Again, if the suspension cited supra materializes, it largely appears to be good news for corporate entities, including MSME’s as this will give them a breathing period to revive and focus on the business without the worry of being pushed into insolvency either by an operational or a financial creditor. But one will have to also take into account the perspective of the bankers and their concerns and challenges. It might be really difficult to once again implement the financial discipline that were just starting to be seen amongst several companies which were in the default category; but as they say extraordinary circumstances call for extraordinary measures; this could be seen as one of them and hence at this moment commenting against the same might be premature. It would be advisable to discuss this matter once the government officially takes a call on this post 15.04.2020.

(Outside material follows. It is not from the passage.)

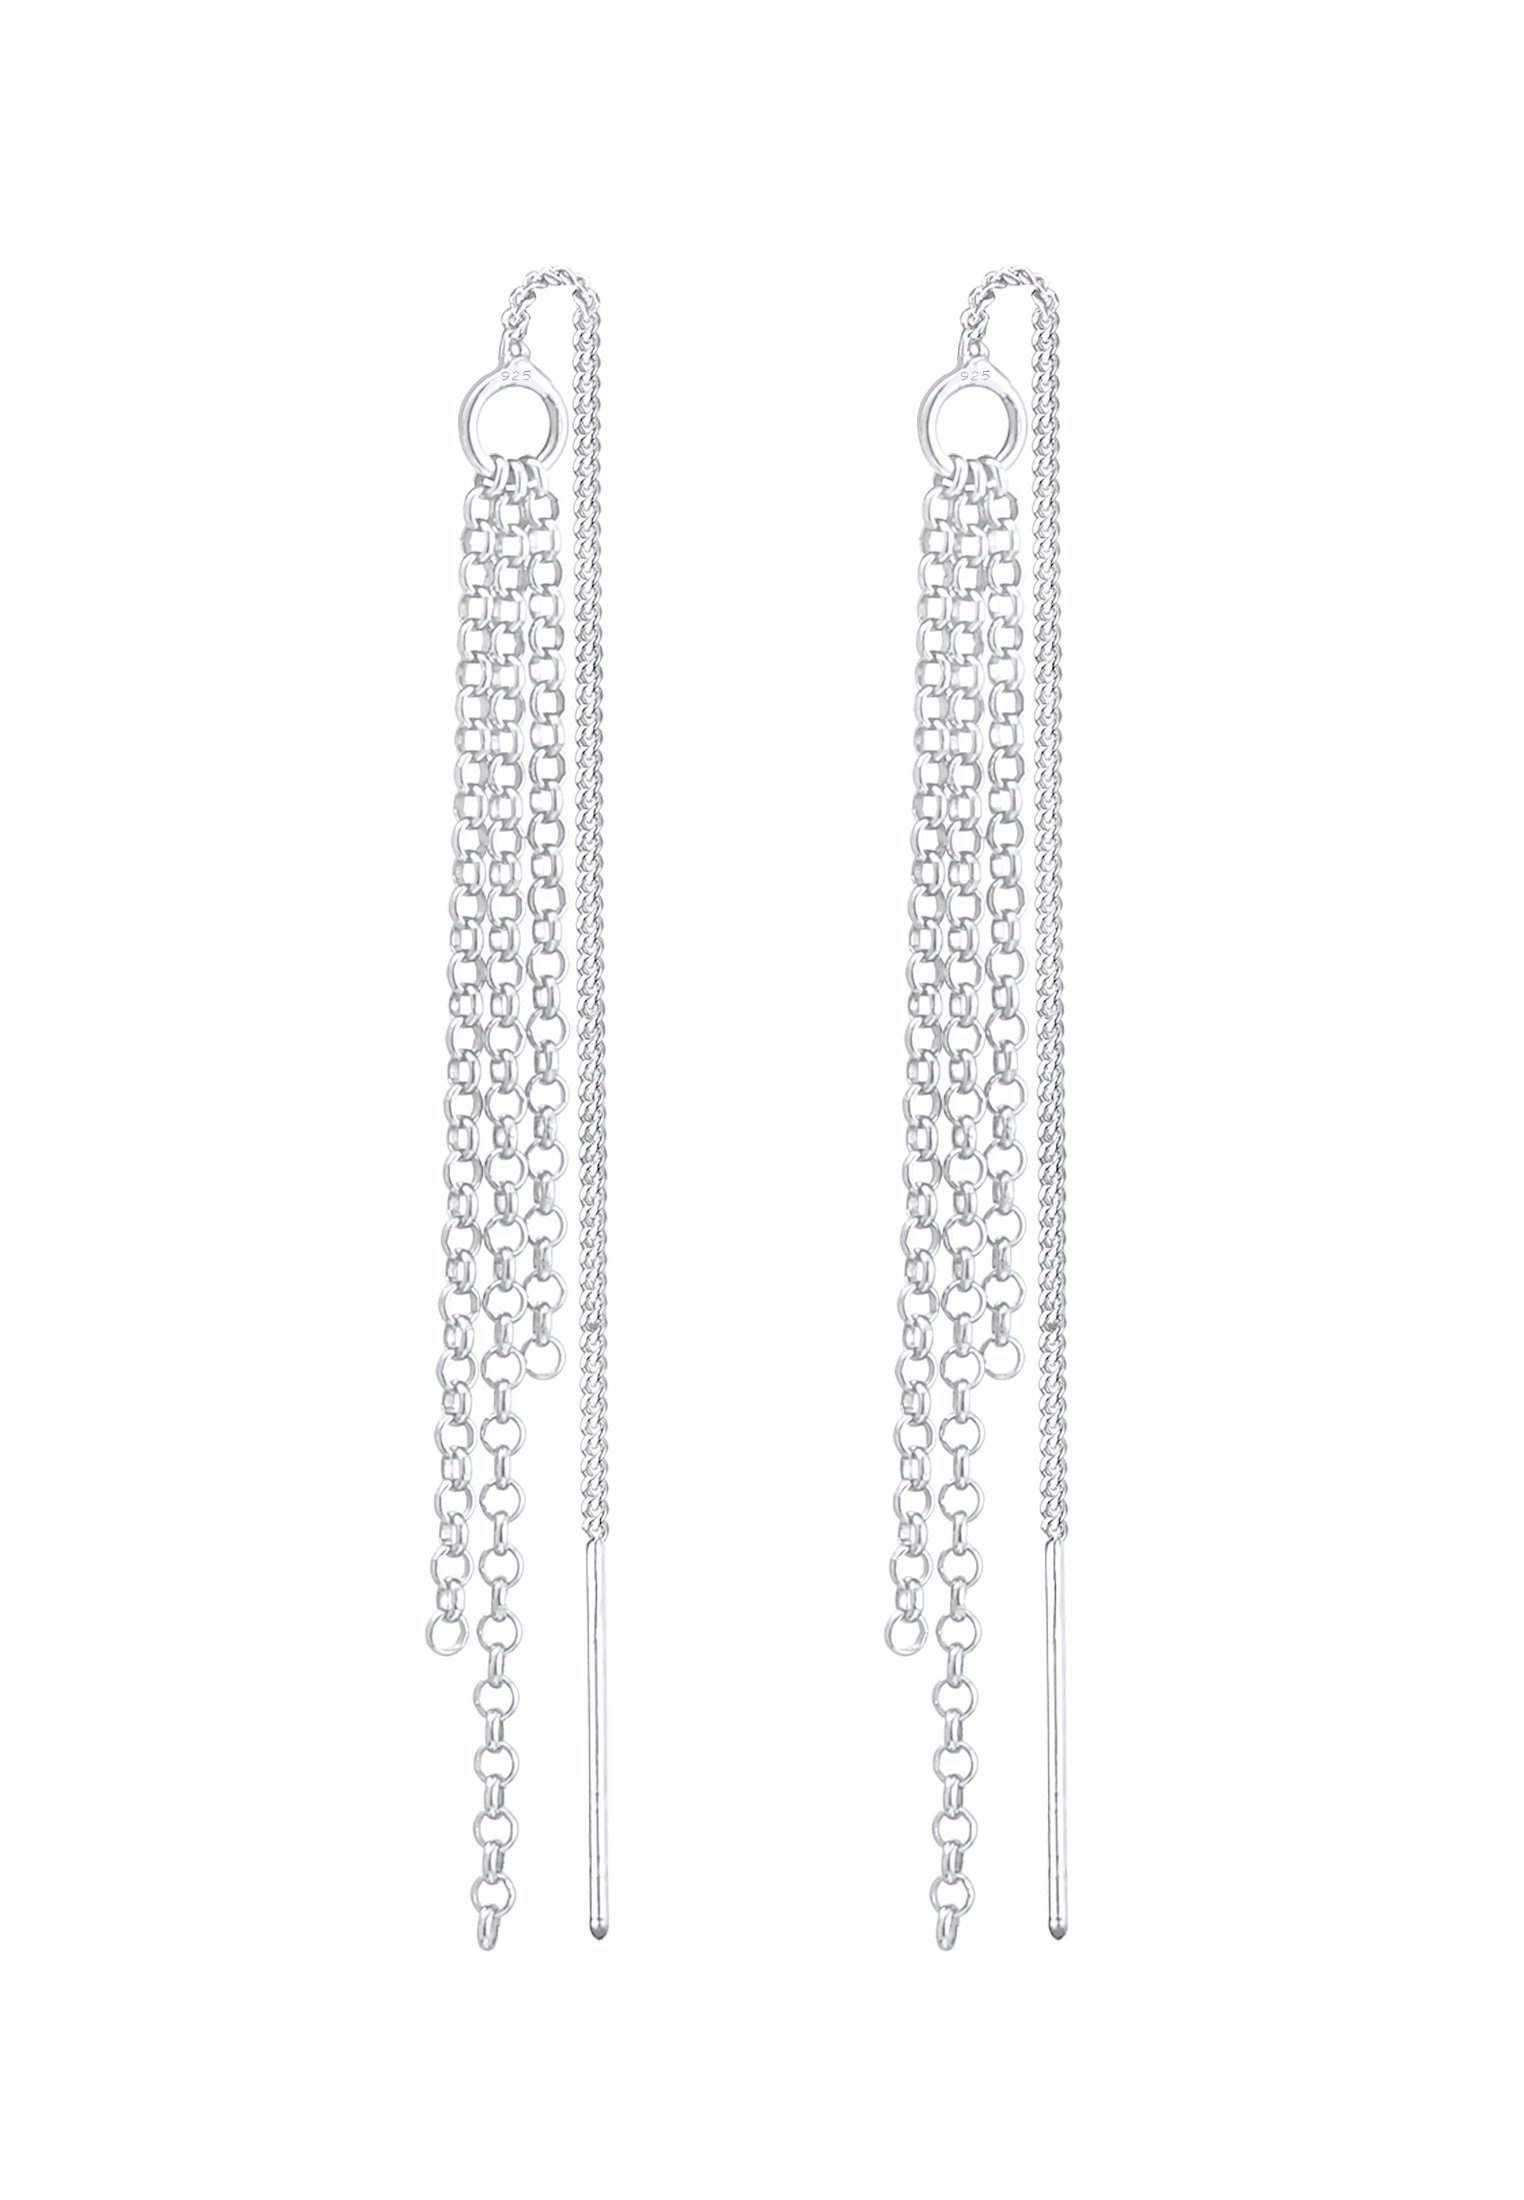 Elegant Style Ohrhänger Paar Silber 925 Ketten Durchzieher Elli
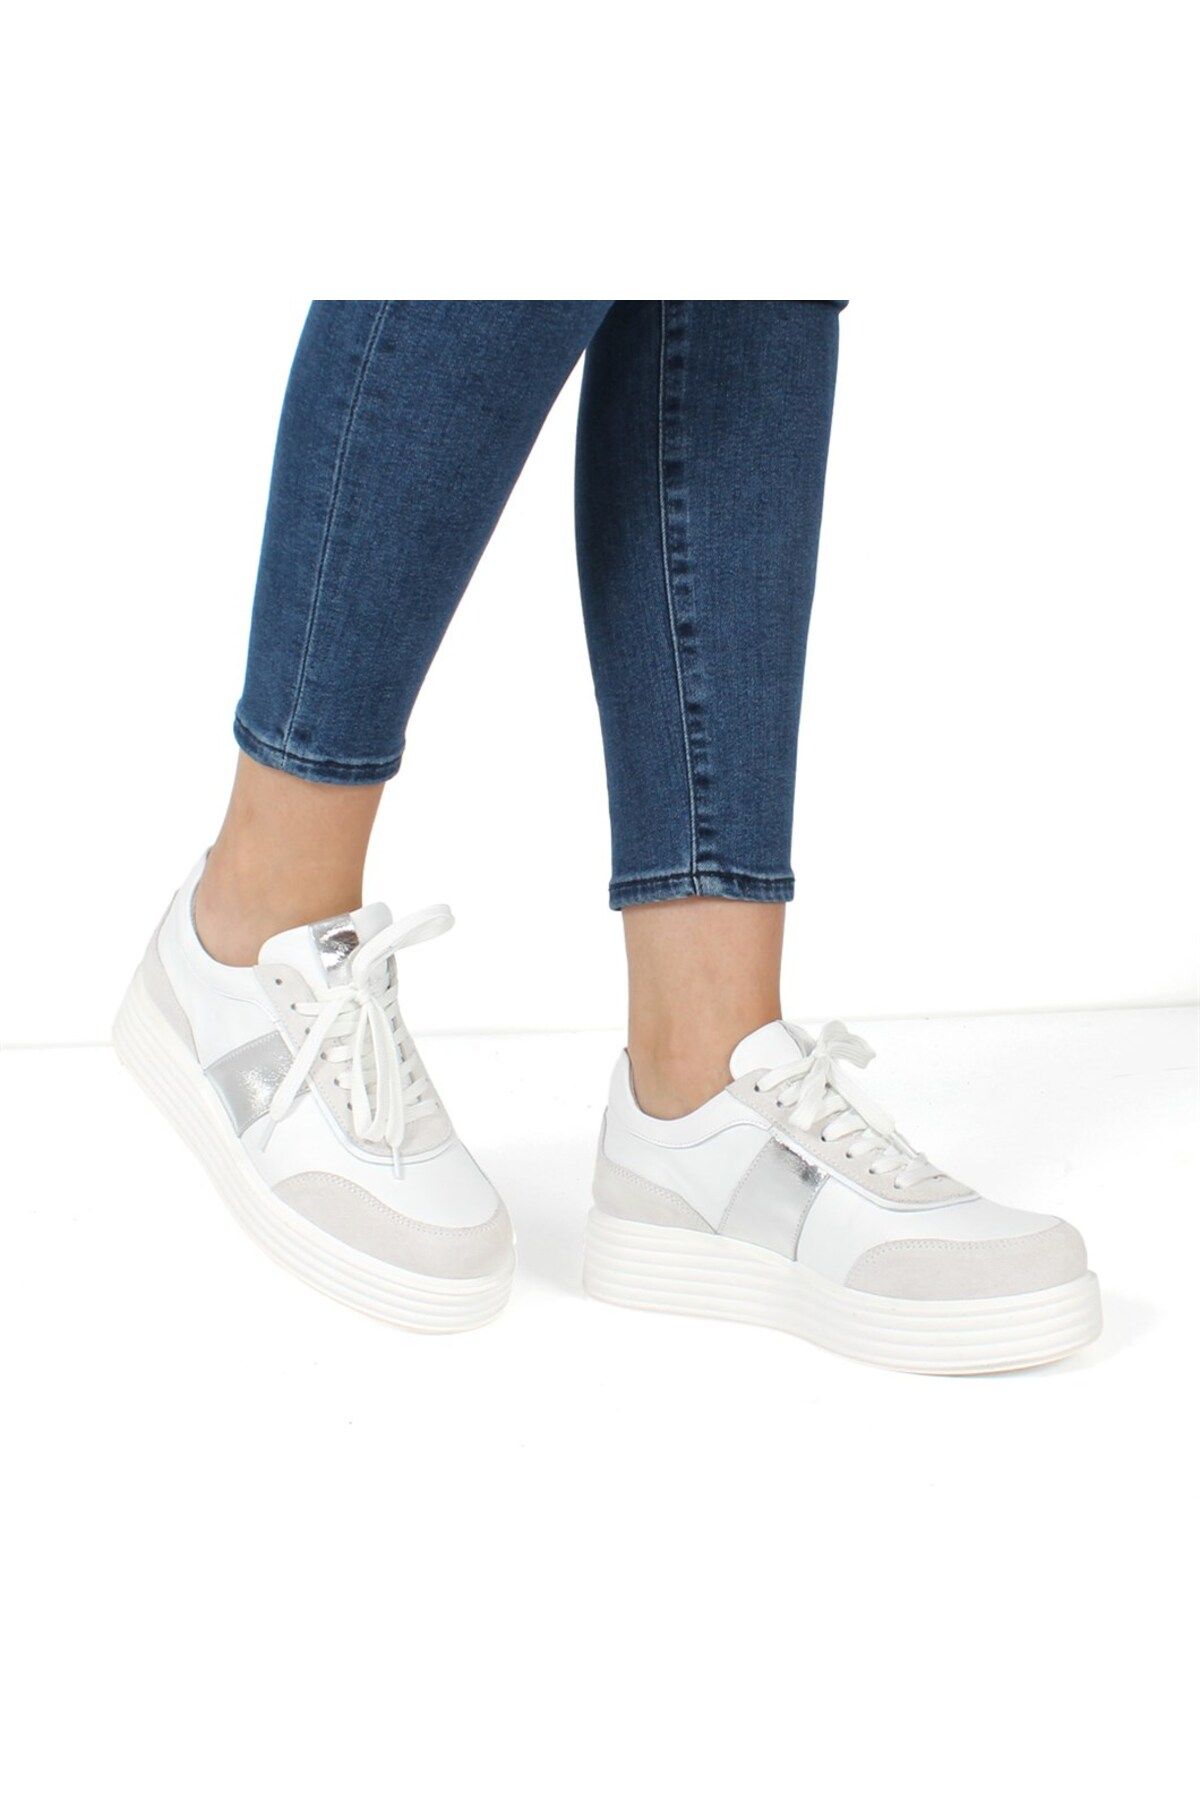 Celal Gültekin Beyaz Deri Ayakkabı Kadın Sneaker 115 20604-16522

The anti-thought of the above is that when the same banker had been patient enough to allow the company to go to a level where it became a bad account and ultimately a Non-Performing Asset, they can wait for another six months and not make it appear as though the heavens will fall if the trigger of insolvency is withheld to allow the companies to revive which on a larger scale may assist the resuscitation of the economy. However these relaxations should not be seen as a precursor to withdrawal of the Code itself; as this is one piece of legislation which has been most effective and has led to recoveries of more than Rs 4 lakhs Crores; as per earlier statements of the very same finance minister. If withdrawal is going to be the case, then we are headed for some serious concerns and problems in the coming years.
By Anant Merathia, Poornima Devi & Priyanka Verma – Anant Merathia and Associates.